Falta de assunto
Solange Amado
Alguém
disse um dia, que Rubem Braga era bom de
Escrita. Bastava ter um tema e ele metia bronca. Mas era melhor ainda quando
não havia assunto.
A tia estava modestamente alí: papel, caneta, que o
computador faleceu. A cadeira, a mesa e
um furinho na parede. Não tem assunto nenhum e nenhum parentesco com Rubem
Braga. Essa é a grande tragédia. O buraco não é só na parede. É na cachola
também. Isso é o mais brabo.
Claro, ela pode
cavucar mais um pouquinho e tirar água da pedra. Já fez isso, mas o buraco era
mais embaixo. Tinha só dez anos e uma professora de português perversa. Toda
semana botava uma pedra no caminho das redações para os alunos tropeçarem, que
nem Carlos Drummond de Andrade. Tentativa inútil. A turma tinha jogo de cintura
e o estoque de palavras era inesgotável. Ou pelo menos ela achava. Descobriu
que estava redondamente enganada.
Agora a coisa está preocupante. Quanto mais examina no embornal do seu cérebro não encontra um
crescimento muito grande de palavras. Vai ter de usar da criatividade pra
dispor no tabuleiro do papel seu modesto estoque.

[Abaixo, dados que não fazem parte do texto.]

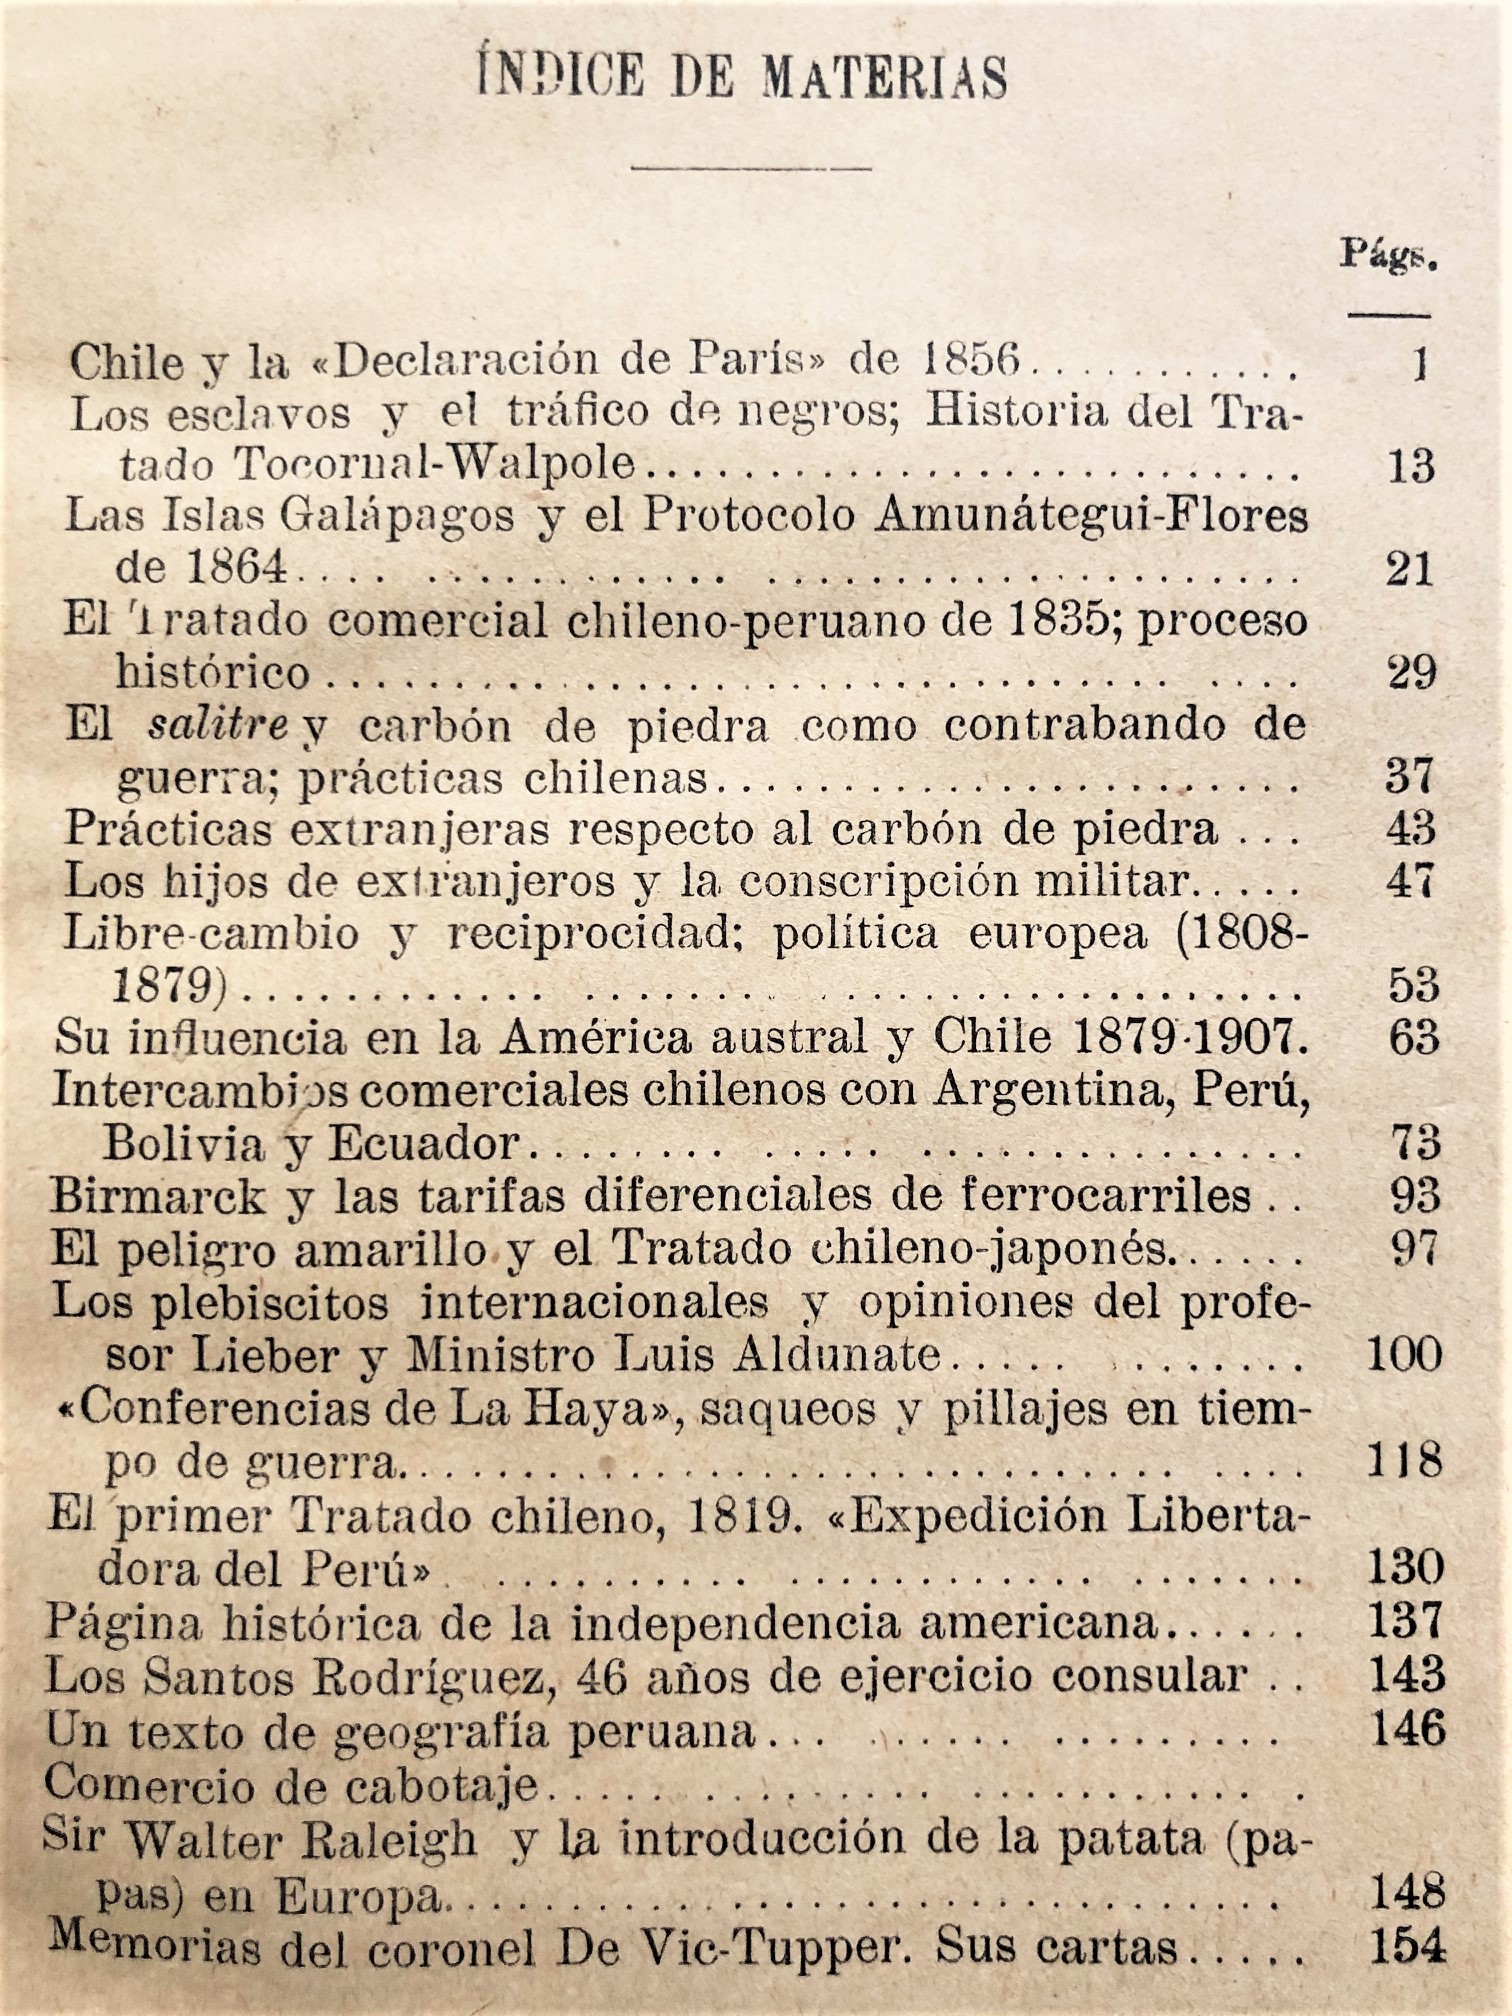 Aurelio Bascuñán Montes - Miscelánea Histórico-Diplomática y sobre intercambios comerciales chilenos

A gaveta de palavras não tem lá mesmo um ativo muito grande,
mas isso nunca foi o mais importante. A
tia não se intimida. Quem morre de medo se enterra vivo. Então, é ir em frente.
Não é a quantidade, mas a qualidade. Tem gente pensando que se trocar um a
por um e vai mudar a face do
mundo. Bobagem, o buraquinho vai estar sempre lá.
Palavras não são papel higiênico que quanto mais merda se faz
no mundo, mais precisamos aumentar o estoque. A tia até que gosta de se prover
de fardos de papel higiênico, rolo grande, macio, folhas duplas. Quem dera que
fosse assim com palavras. Não é. Podem-se vesti-las com inúmeras roupagens. E
usá-las muitas vezes. Lado esquerdo e direito. Papel higiênico usa-se uma vez e
joga-se fora. Babau.
Aliás, palavras sobrevivem porque não tapam o buraco na
parede, porque não têm a pretensão de botar ordem no galinheiro. Não tem
nenhuma na prateleira esperando pra limpar a sujeira. Elas não têm compromisso.
Escrever levanta voo. O céu é o limite. Não é preciso estocar
palavras. É preciso deixar que elas
façam piruetas e pousem onde quiser. Se caírem em bocas de matildes, já
cumpriram o papel.
Palavra é que nem o
bando confuso, estropiado e improvável do cangaceiro Lampião:
“Pode tê
corpo de gente
Mas gente
mesmo não é
Acho até
que não nasceu
Das entranha
de muié”.
Palavra é assim. Nasce da aflição da hora, da precisão de
tampar o buraquinho da parede, da agonia da folha em branco. Palavra nasce.
Como boa mineira, a tia pergunta: “é fia de quem?”